What this task involves: Would you reproduce each line below exactly, leaving every picture out?

Top of Given data

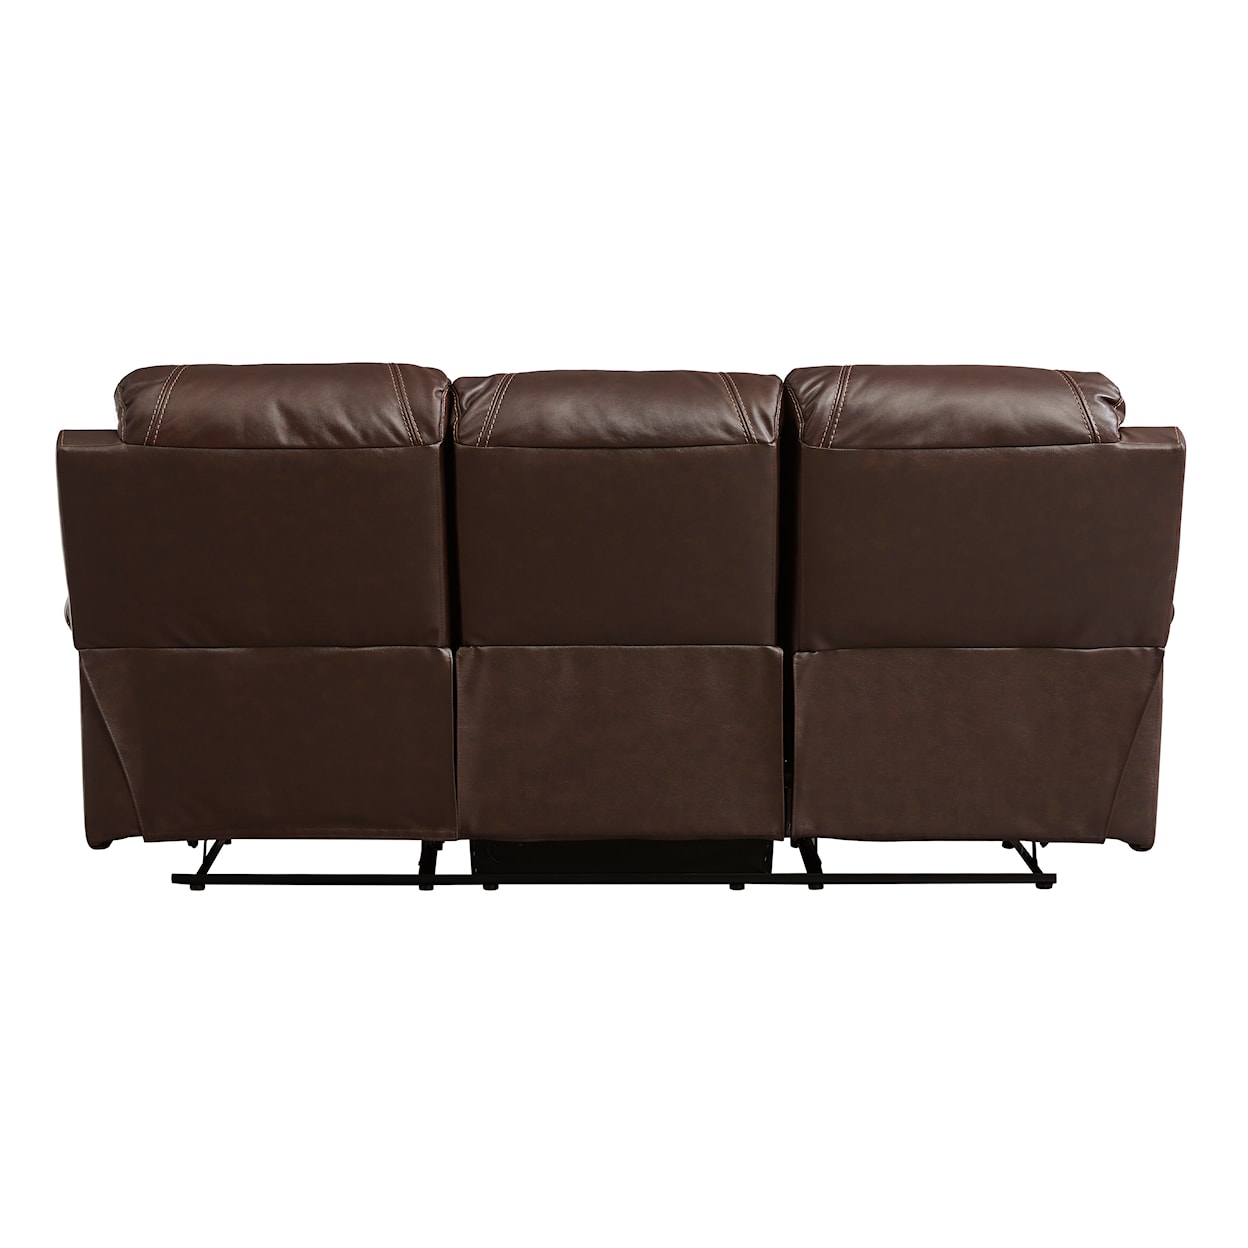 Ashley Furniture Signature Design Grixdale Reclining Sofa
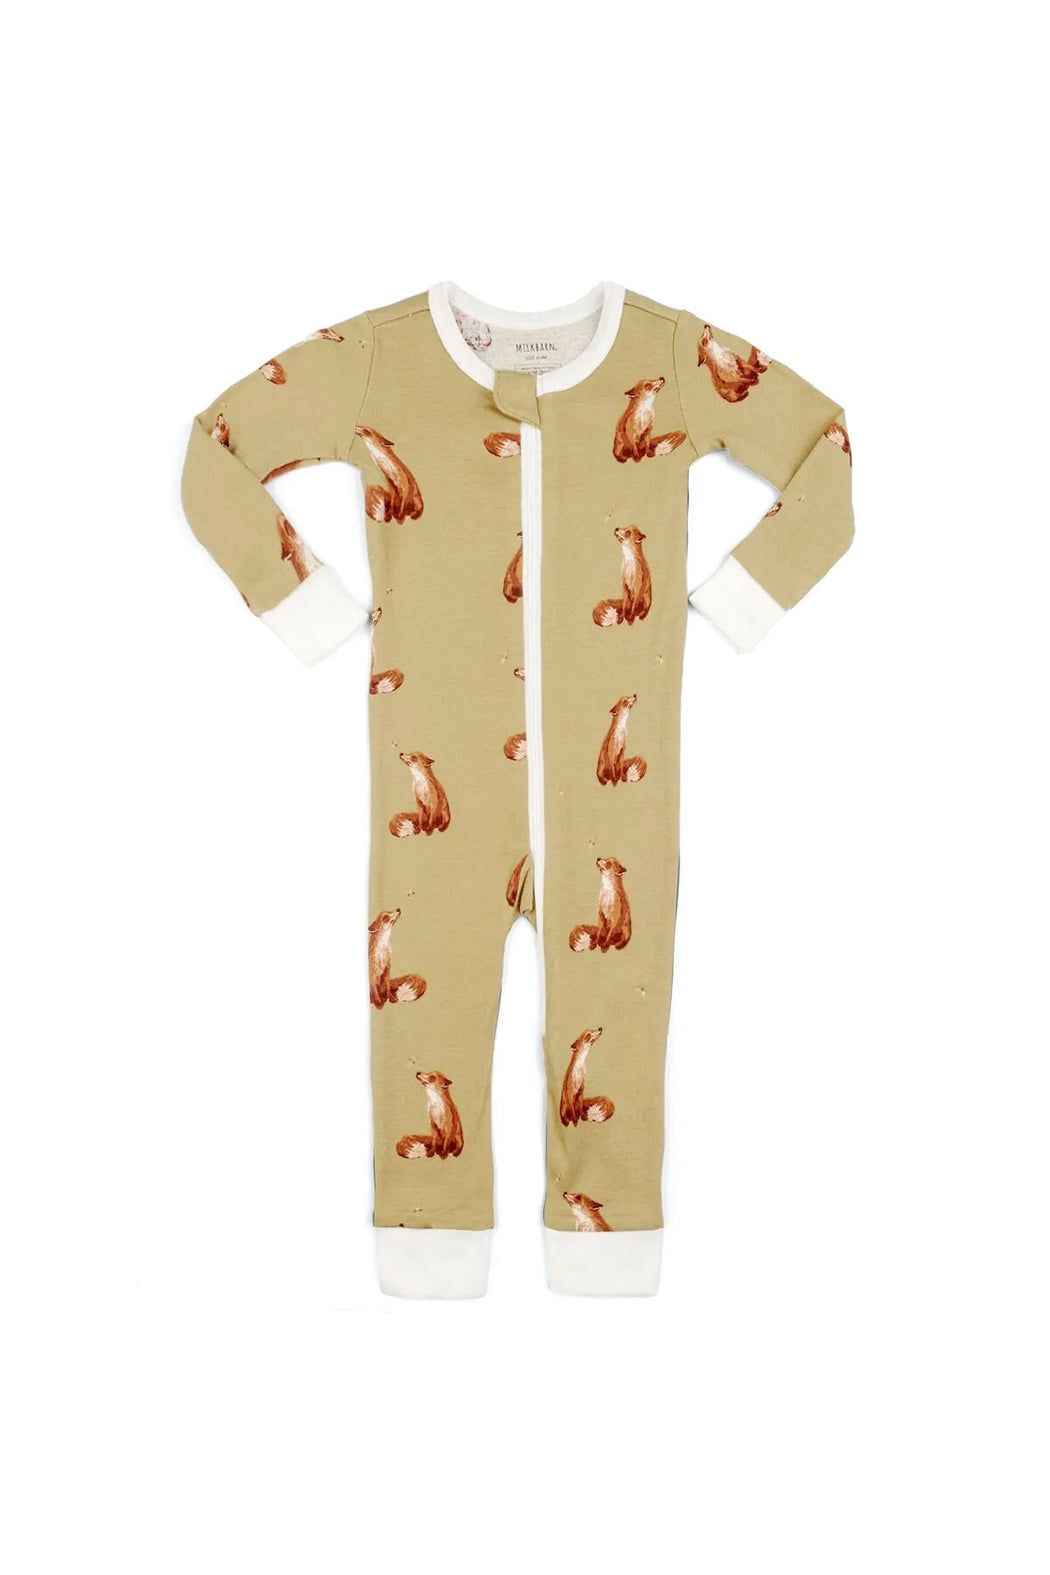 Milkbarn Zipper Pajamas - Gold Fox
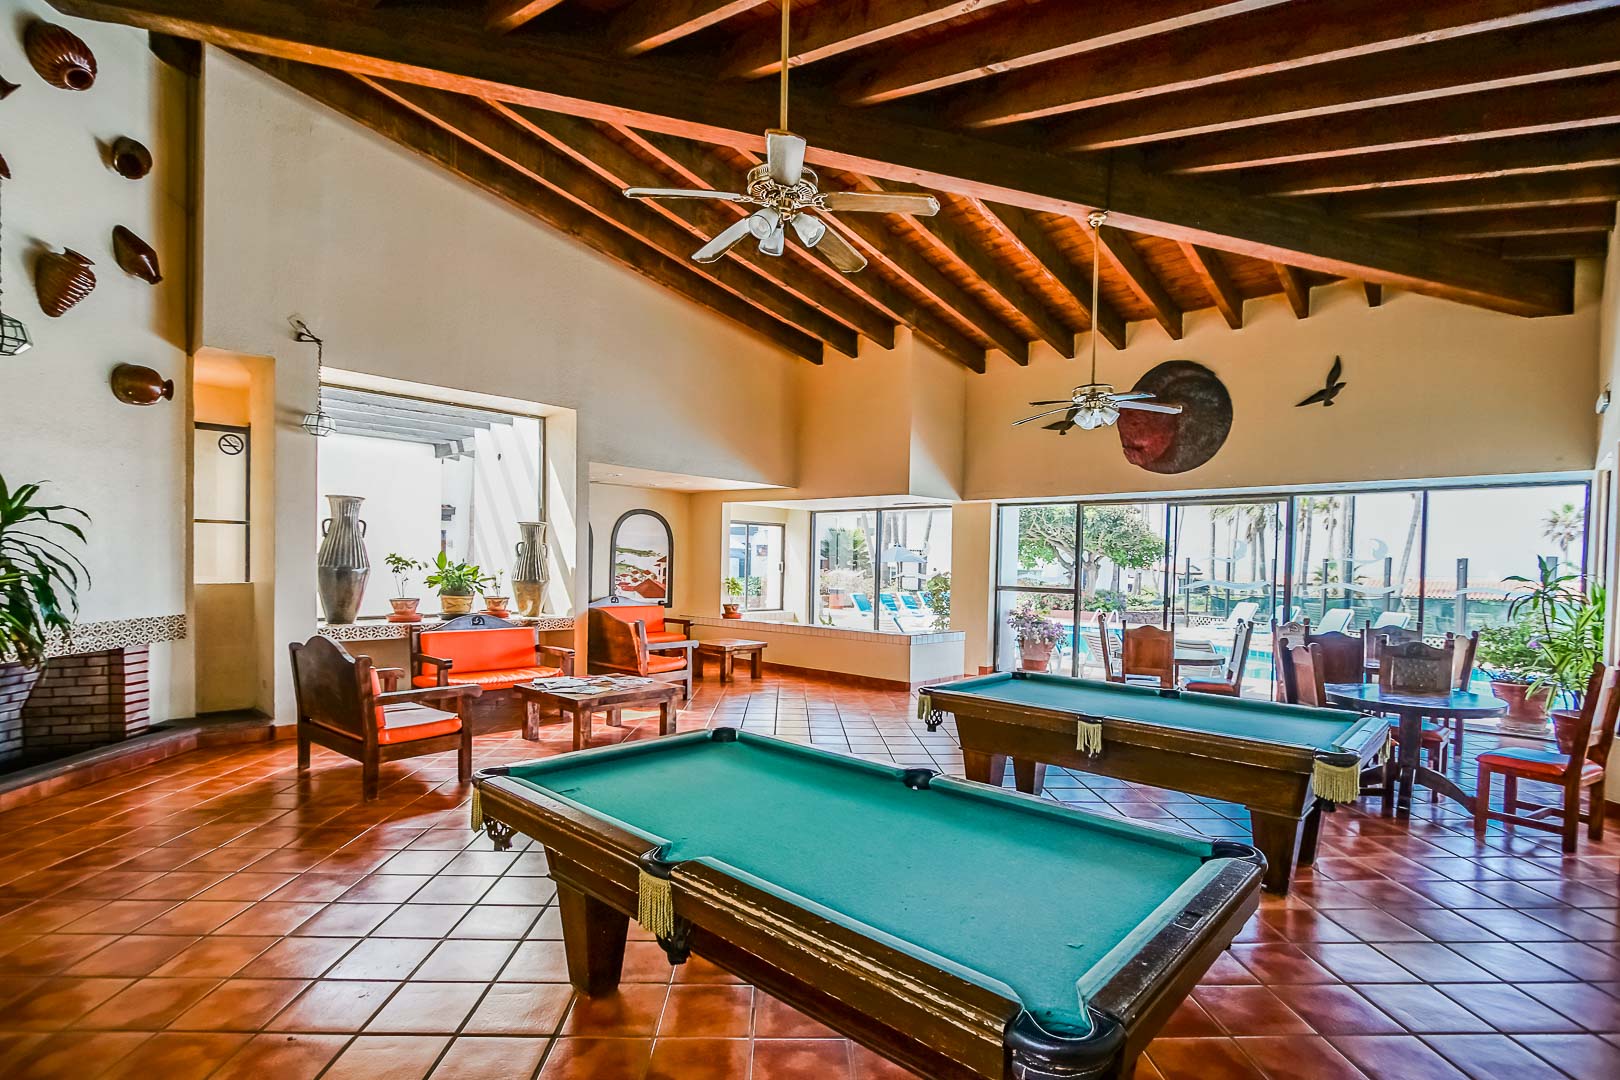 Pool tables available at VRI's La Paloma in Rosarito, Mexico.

Bottom of Given data

Reply to the task:
 Ashley Furniture Signature Design Grixdale Reclining Sofa
 Milkbarn Zipper Pajamas - Gold Fox
 Pool tables available at VRI's La Paloma in Rosarito, Mexico.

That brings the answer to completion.